## Requirement
Restate each line of the listing exactly, without carrying over any pictures.

## Dataset section
********
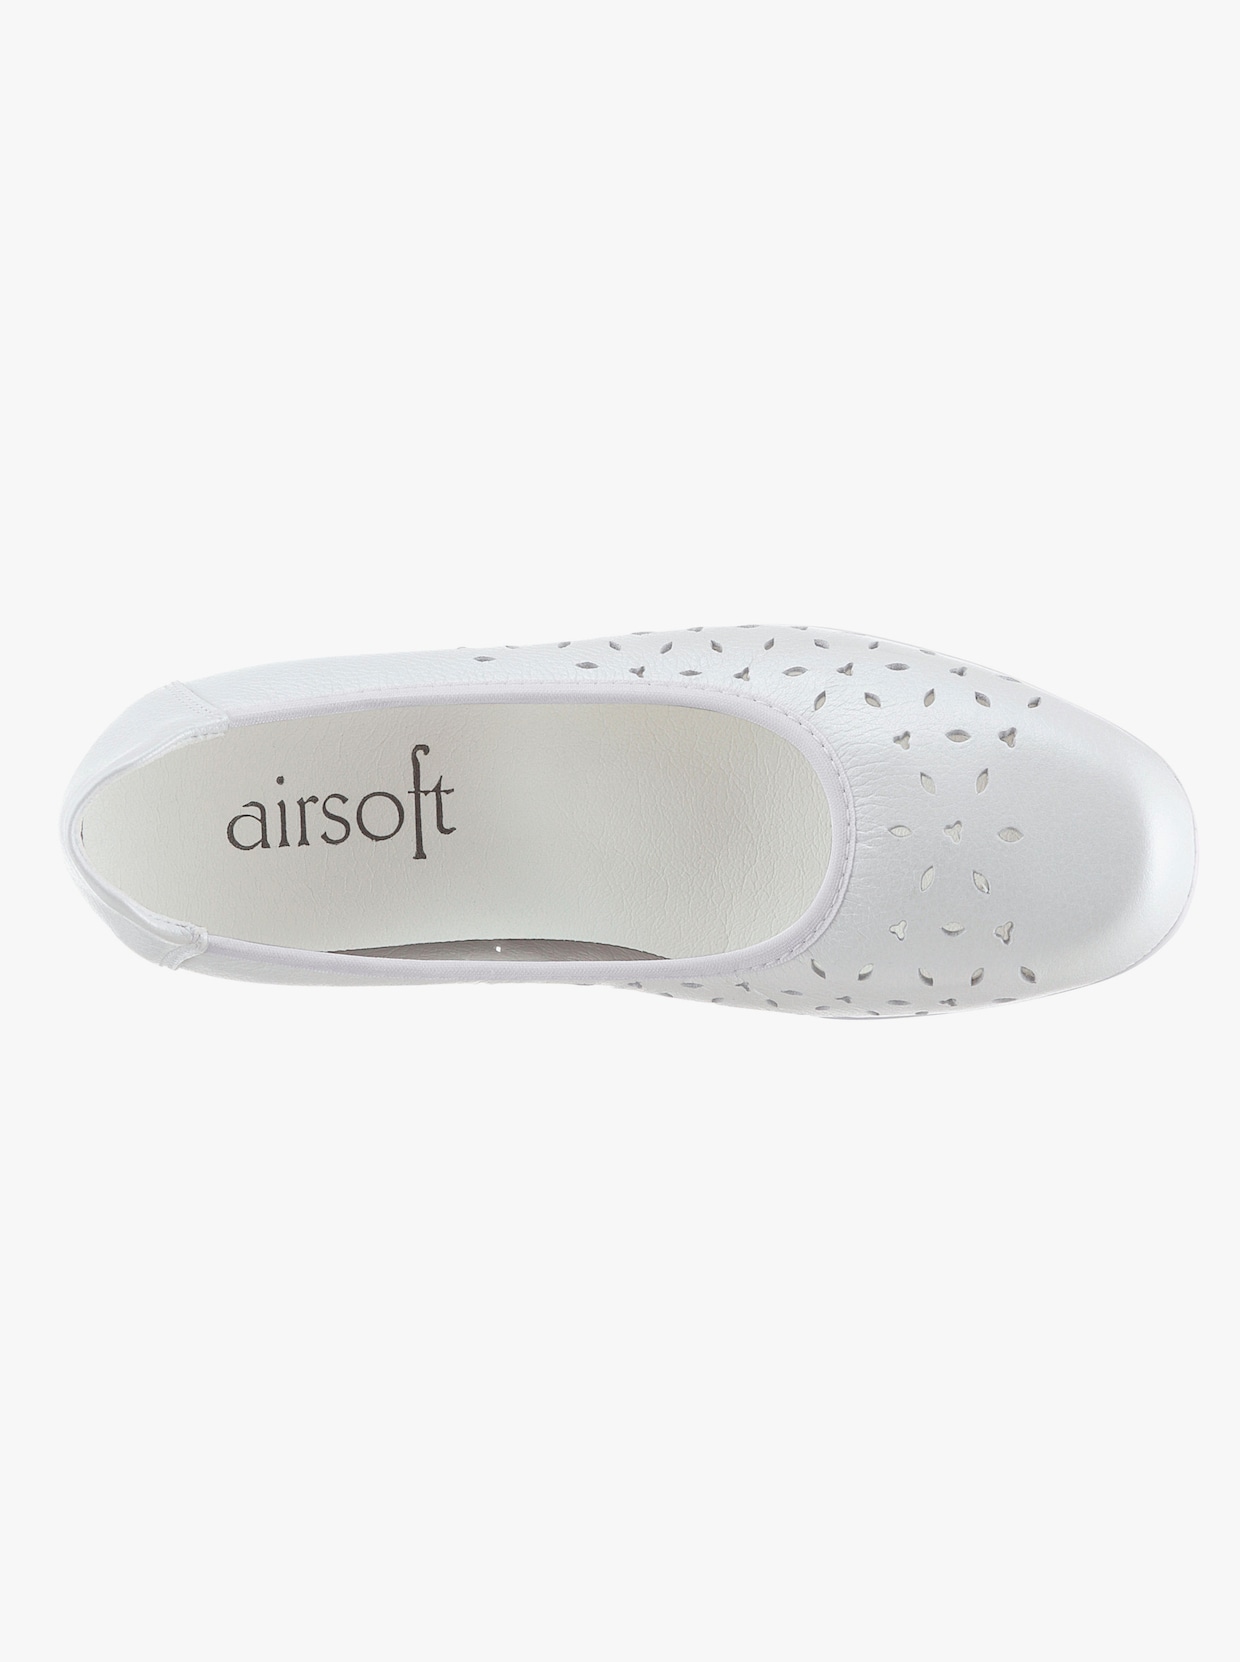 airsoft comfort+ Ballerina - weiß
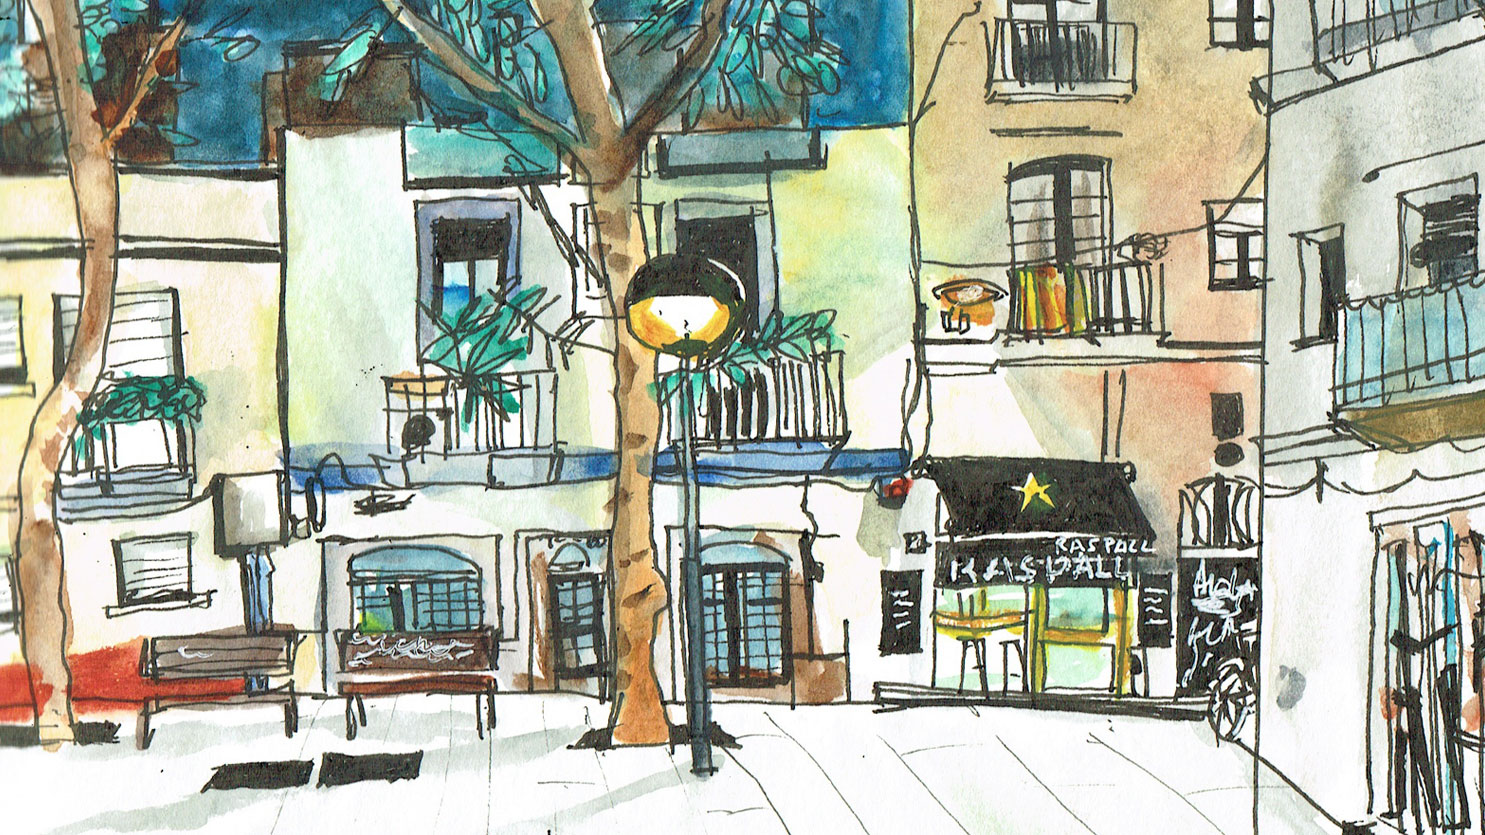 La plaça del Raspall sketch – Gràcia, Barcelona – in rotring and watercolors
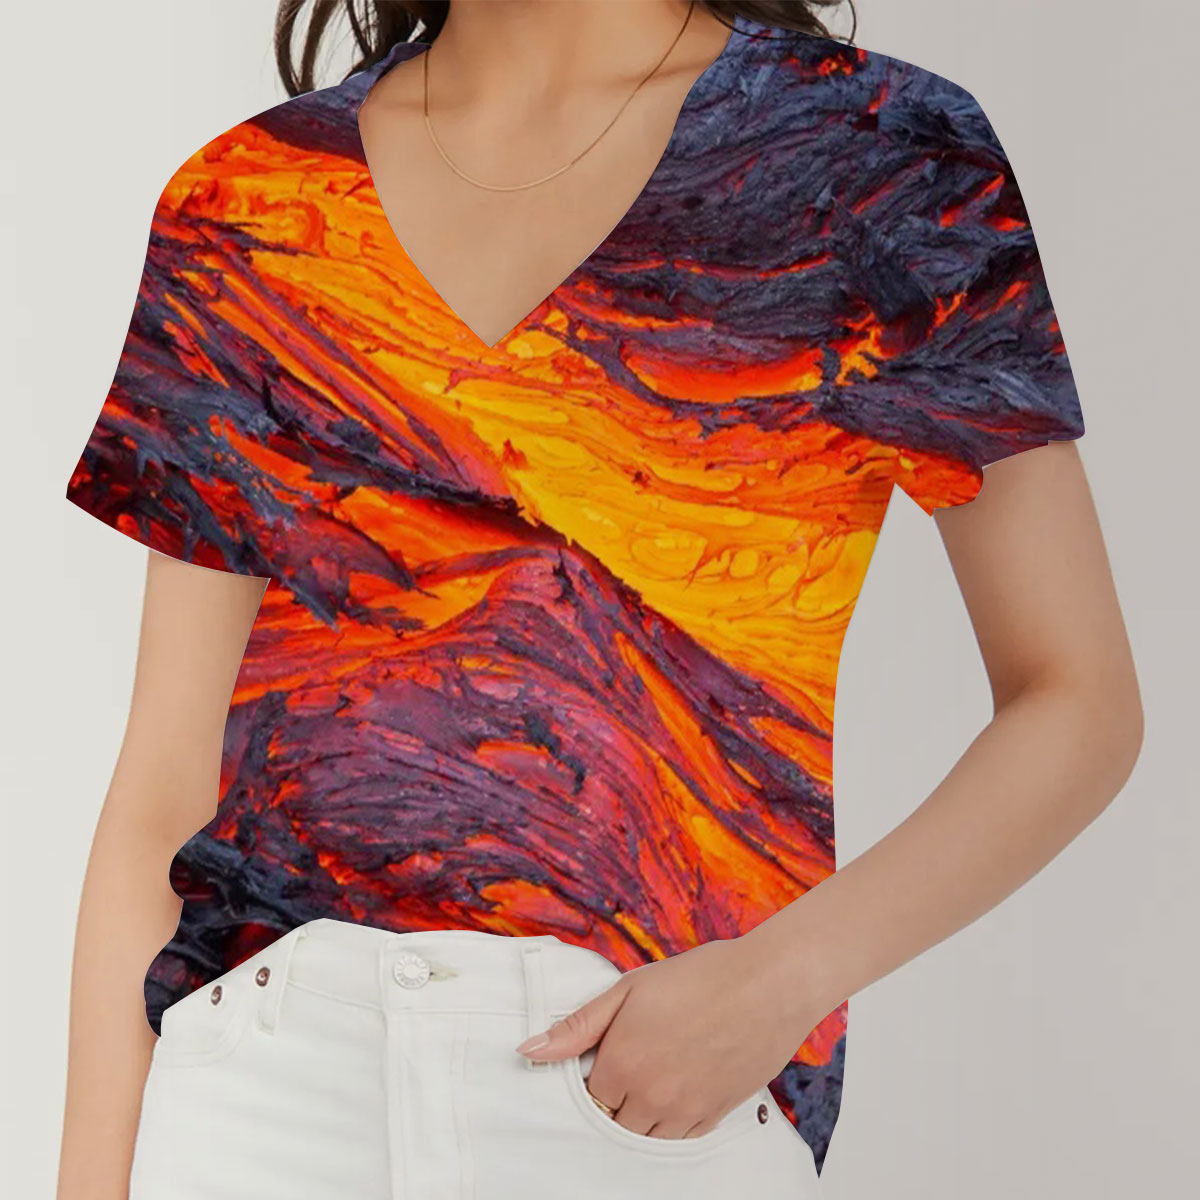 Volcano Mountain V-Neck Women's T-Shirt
********
## Answer to this problem
 airsoft comfort+ Ballerina - weiß
 La plaça del Raspall sketch – Gràcia, Barcelona – in rotring and watercolors
 Volcano Mountain V-Neck Women's T-Shirt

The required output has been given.